● **DATA SHOWN**
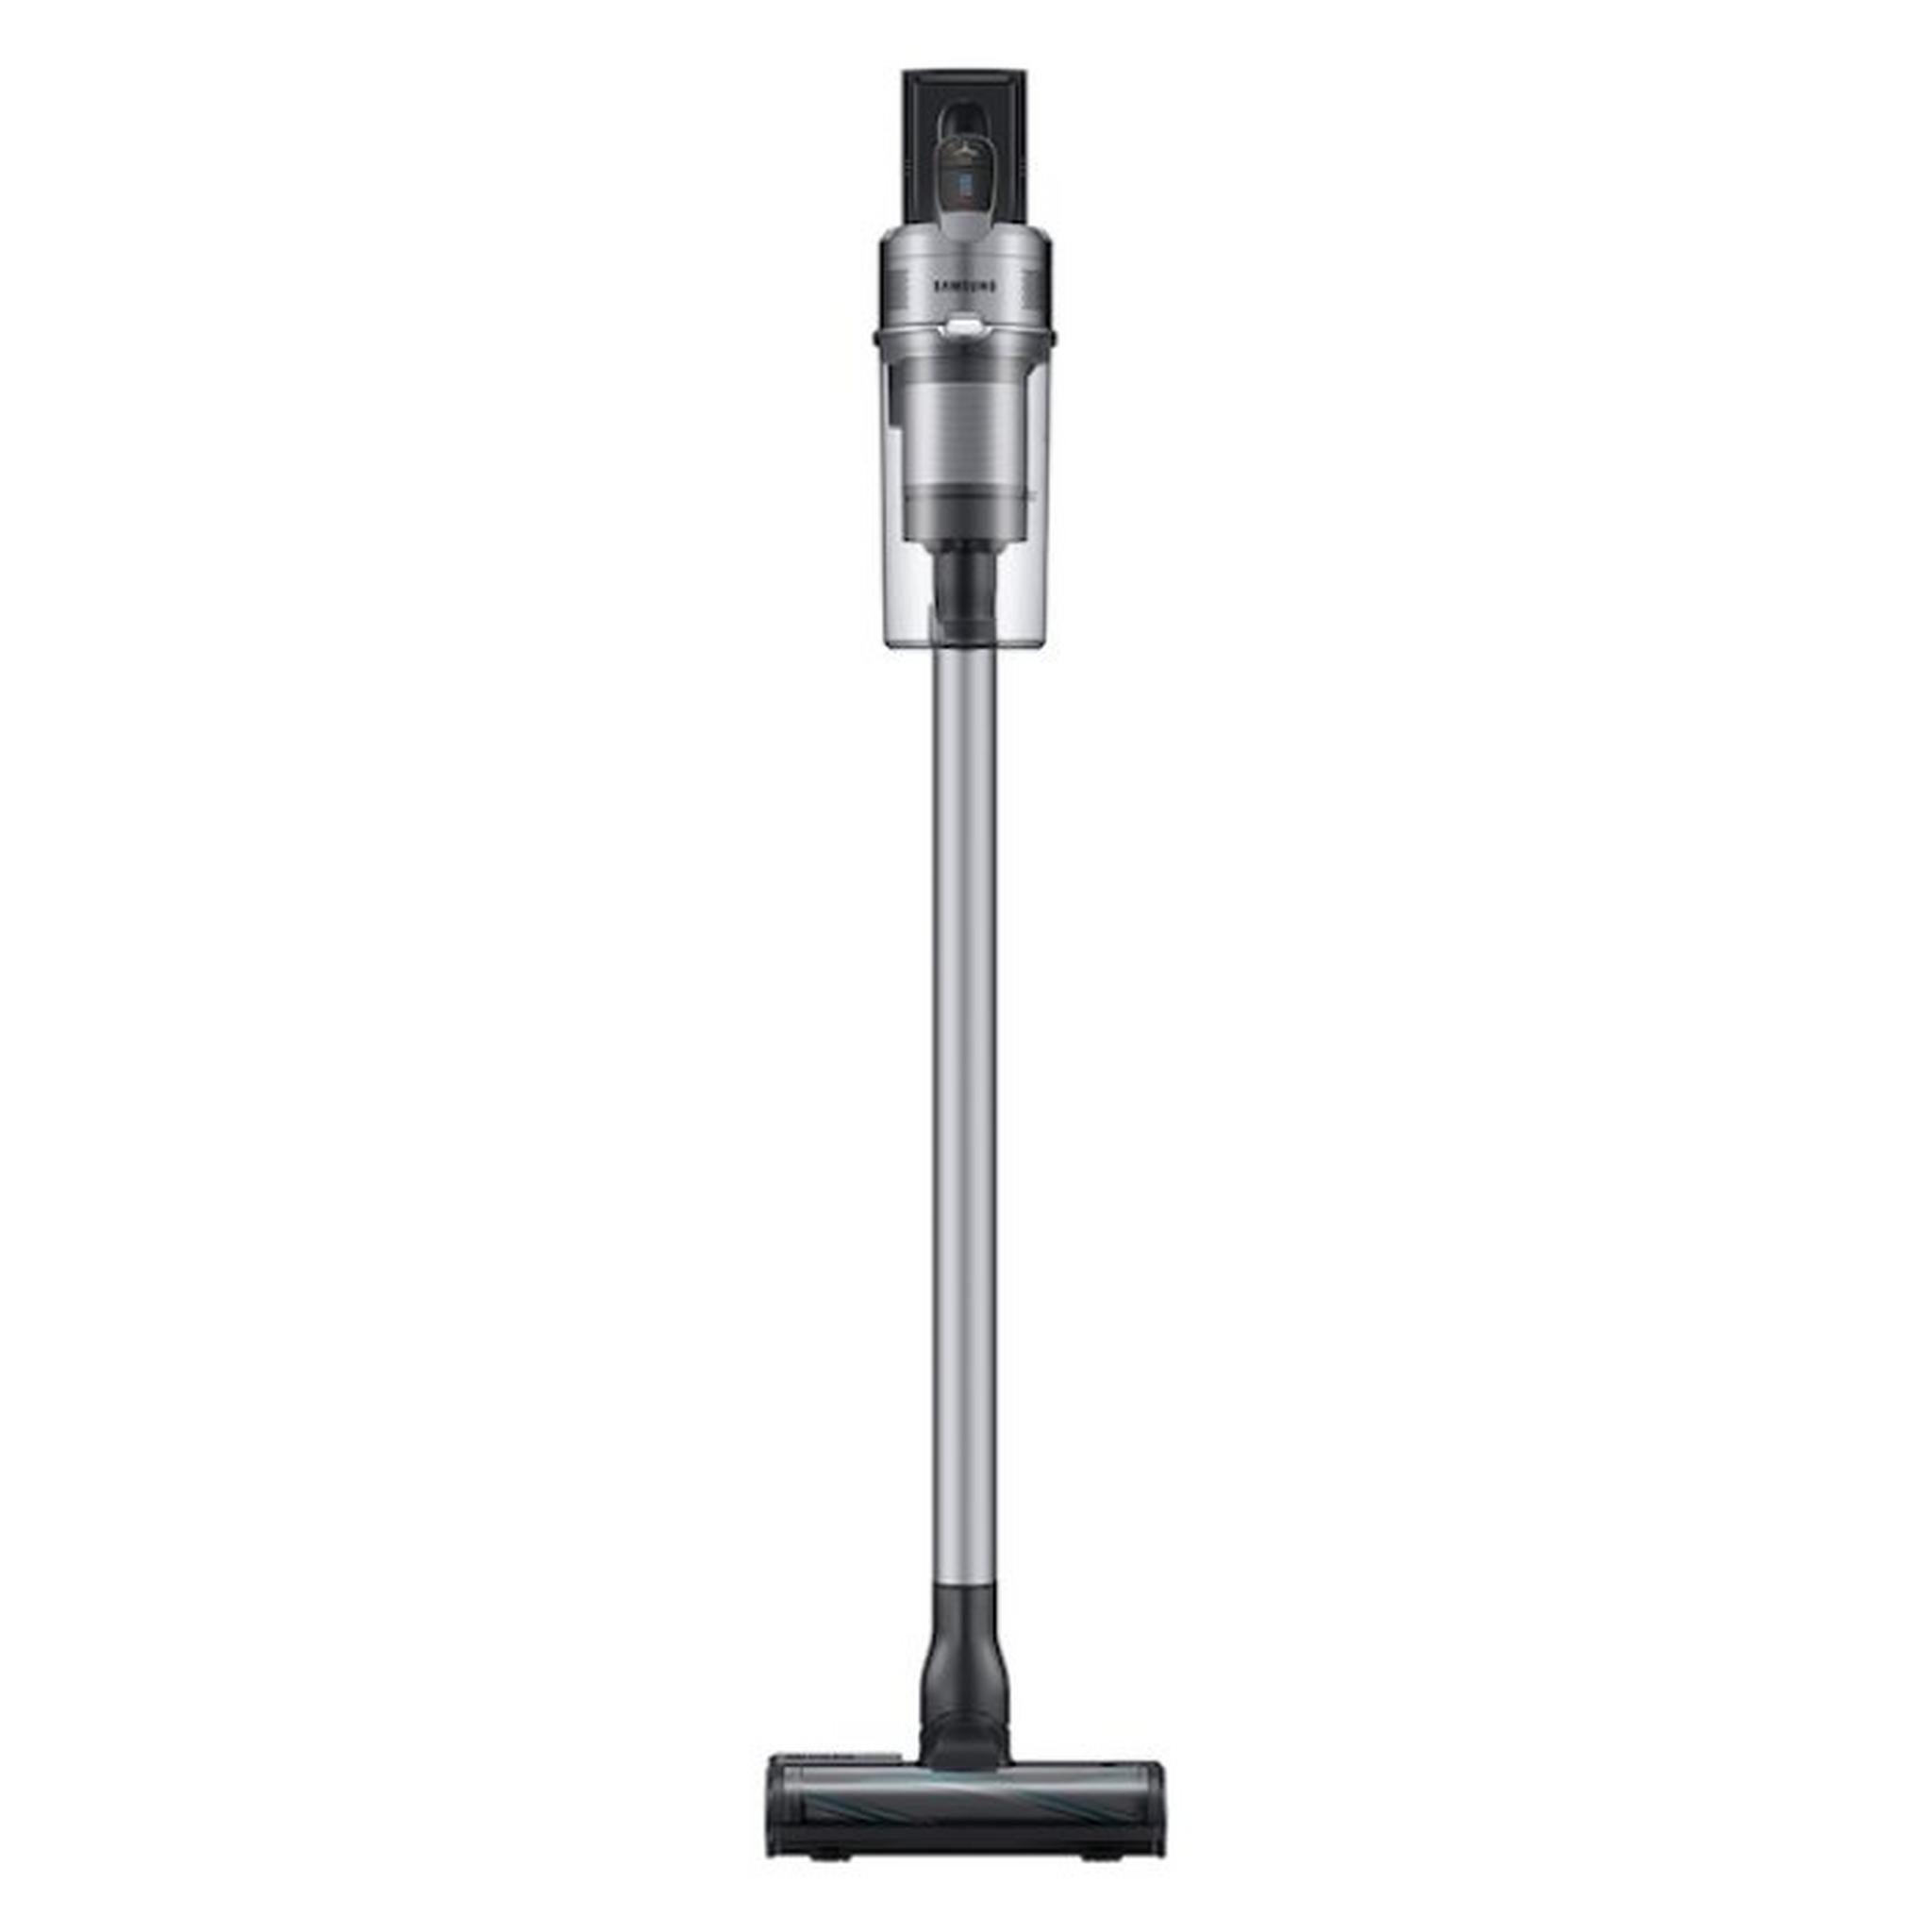 Samsung Jet 75 Complete Cordless Stick Vacuum, 550W, 0.8 Litre, VS20T7536T5 - Silver/Black
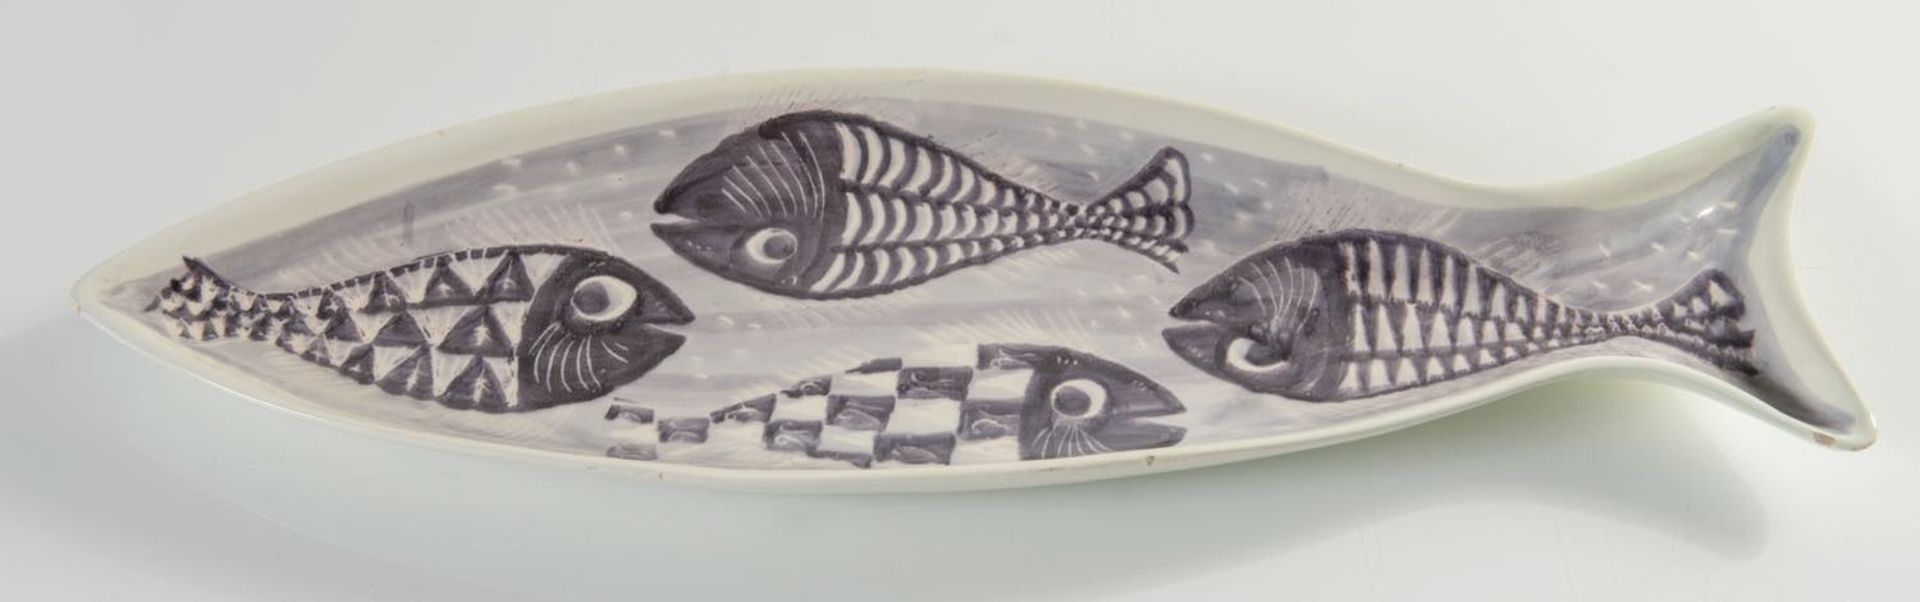 Alessio Tasca, Vassoio in ceramica a forma di pesce, Vicenza, Anni ‘50/'60.Dipinto a mano in
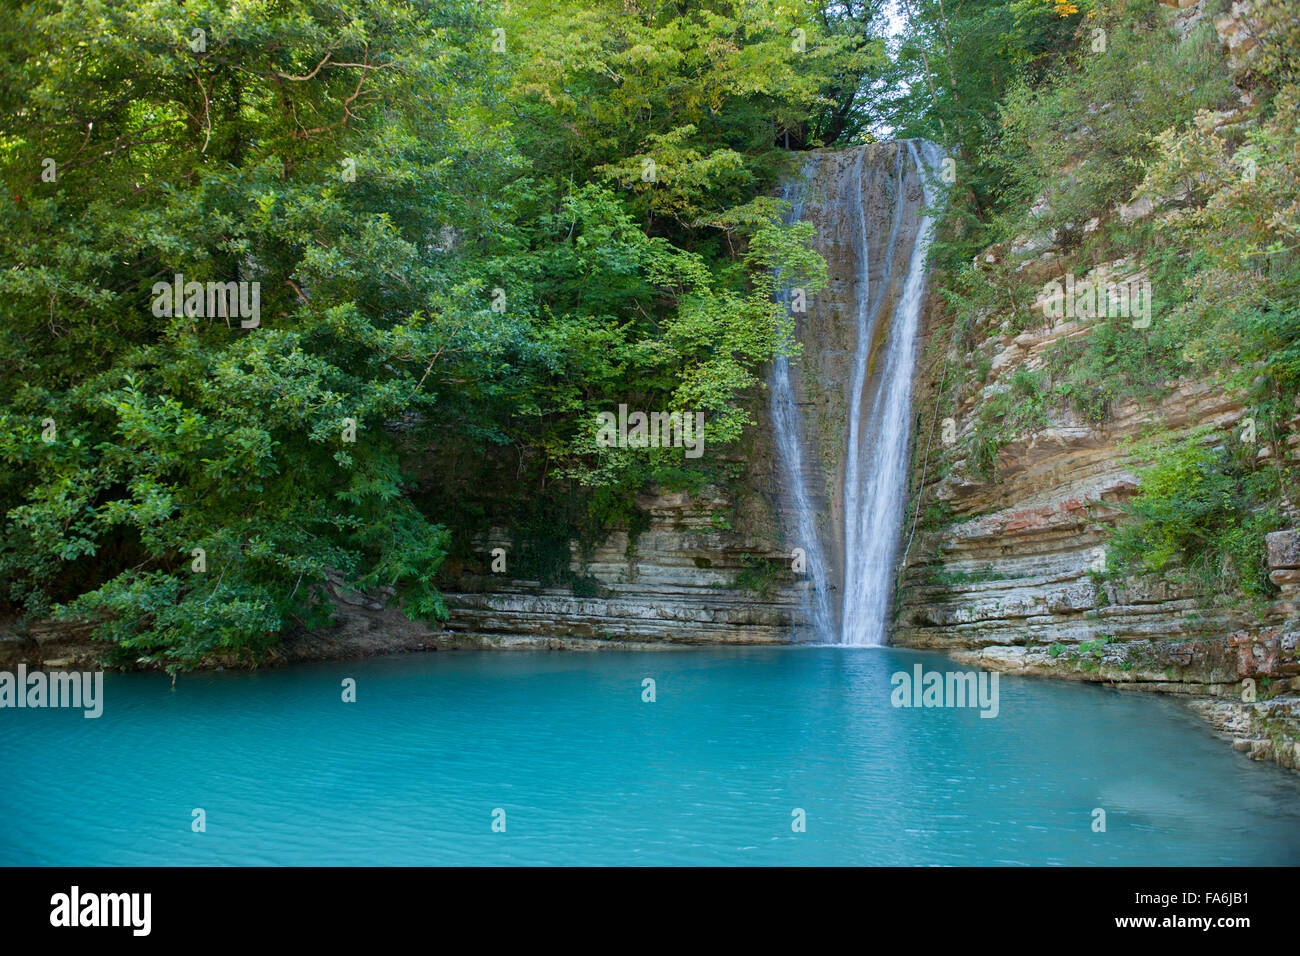 Türkei, westliche Schwarzmeerküste, Provinz Sinop, Erfelek, Erfelek-Wasserfälle Stock Photo
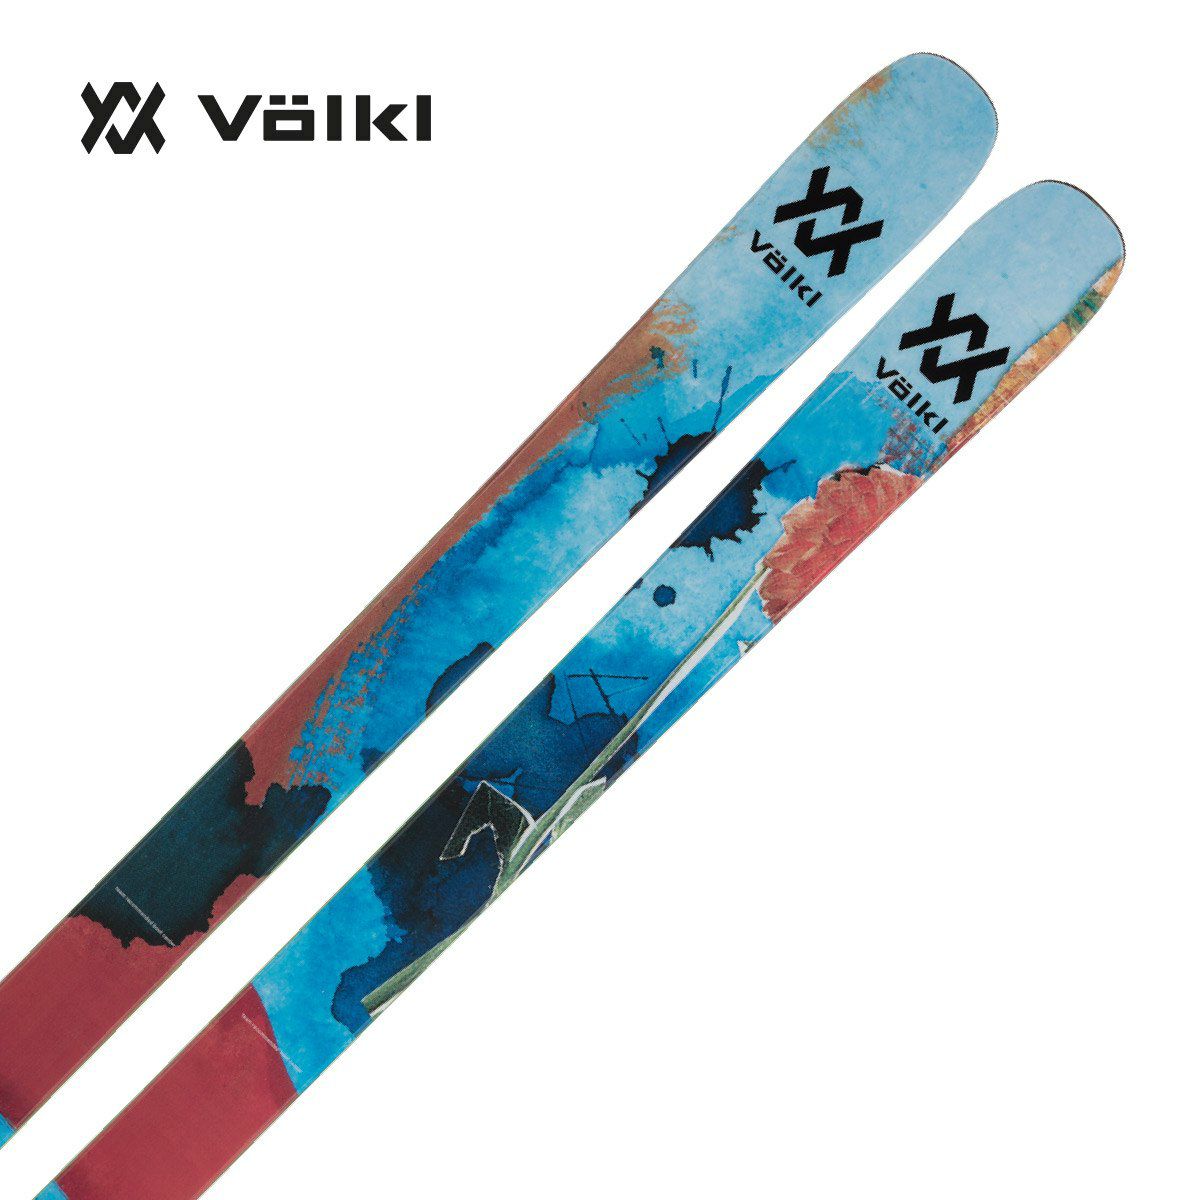 最安値】スキー板 volkl revolt104 180cm-

● **TASK DIRECTIONS**
Please return exactly the lines from the one containing "Türkei, westliche Schwarzmeerküste, Provinz" through the end of the material above, both ends included, but not the pictures.

● **ANSWER AREA**
 Türkei, westliche Schwarzmeerküste, Provinz Sinop, Erfelek, Erfelek-Wasserfälle Stock Photo
 最安値】スキー板 volkl revolt104 180cm-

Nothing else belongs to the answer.